I cut him off.. "don't lie to me.. I may not have known you my whole life but in this few months you have become everything to me and I know.. When you are feeling uneasy or when you trying to lie".

"no.. You don't know me. You don't.." he said mostly to himself.. I don't understand.. He had a painful expression which suddenly turned into hard... Then his cold eyes stared at me.

green.. His eyes are green. This is the first time we are this close and the first time I dared to look into his eyes. They are beautiful yet held no emotion.
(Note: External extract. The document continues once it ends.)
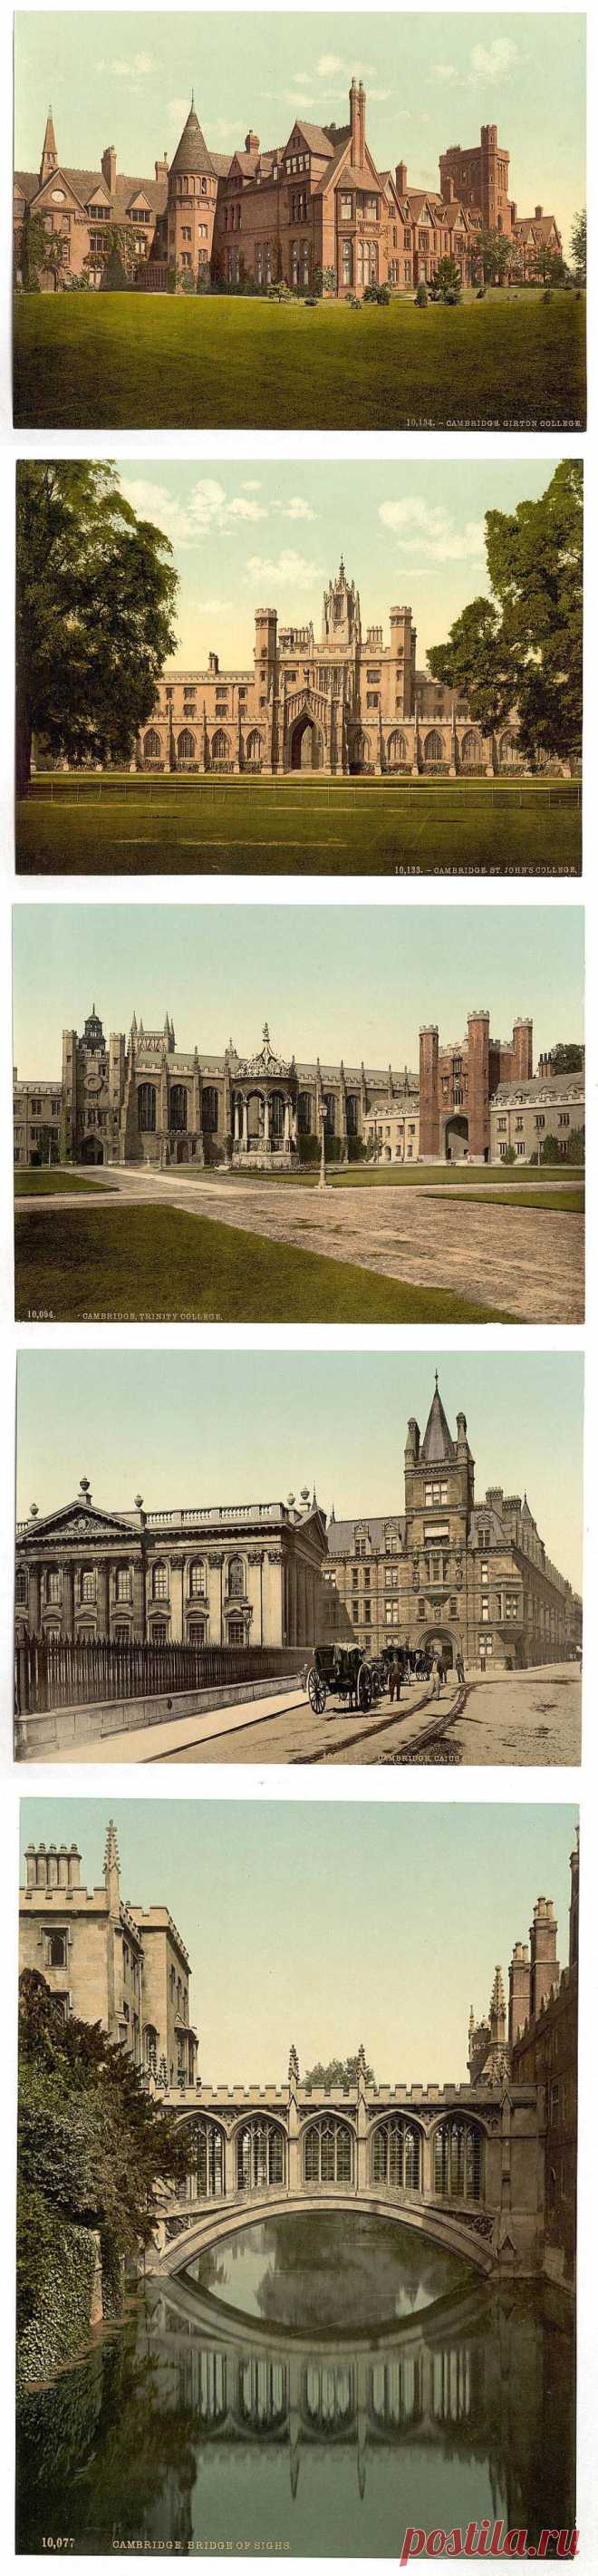 Ретро фотографии Кембриджа. Англия в 1890-1900 годах | Newpix.ru - позитивный интернет-журнал

They feel empty.

I'm angry.. Frustrated then I started yelling "then look into my eyes and tell me.. Tell me that you don't love me.. Tell me you don't care about me.. Tell me you never thought of me more than just a friend and tell me..... why can't you love me?" I felt my self breaking from inside as I was saying those words.. When the last word left my mouth it was merely a whisper.

His eyes showed painful expressions once again before masking it with emptiness. He looked straight into me and I know he is gonna lie to me.

"I don't love you" he said without any emotion in those empty eyes.
'Lier' I thought and said it loud.

"lier" I whispered not breaking eye contact but he continues not caring about anything.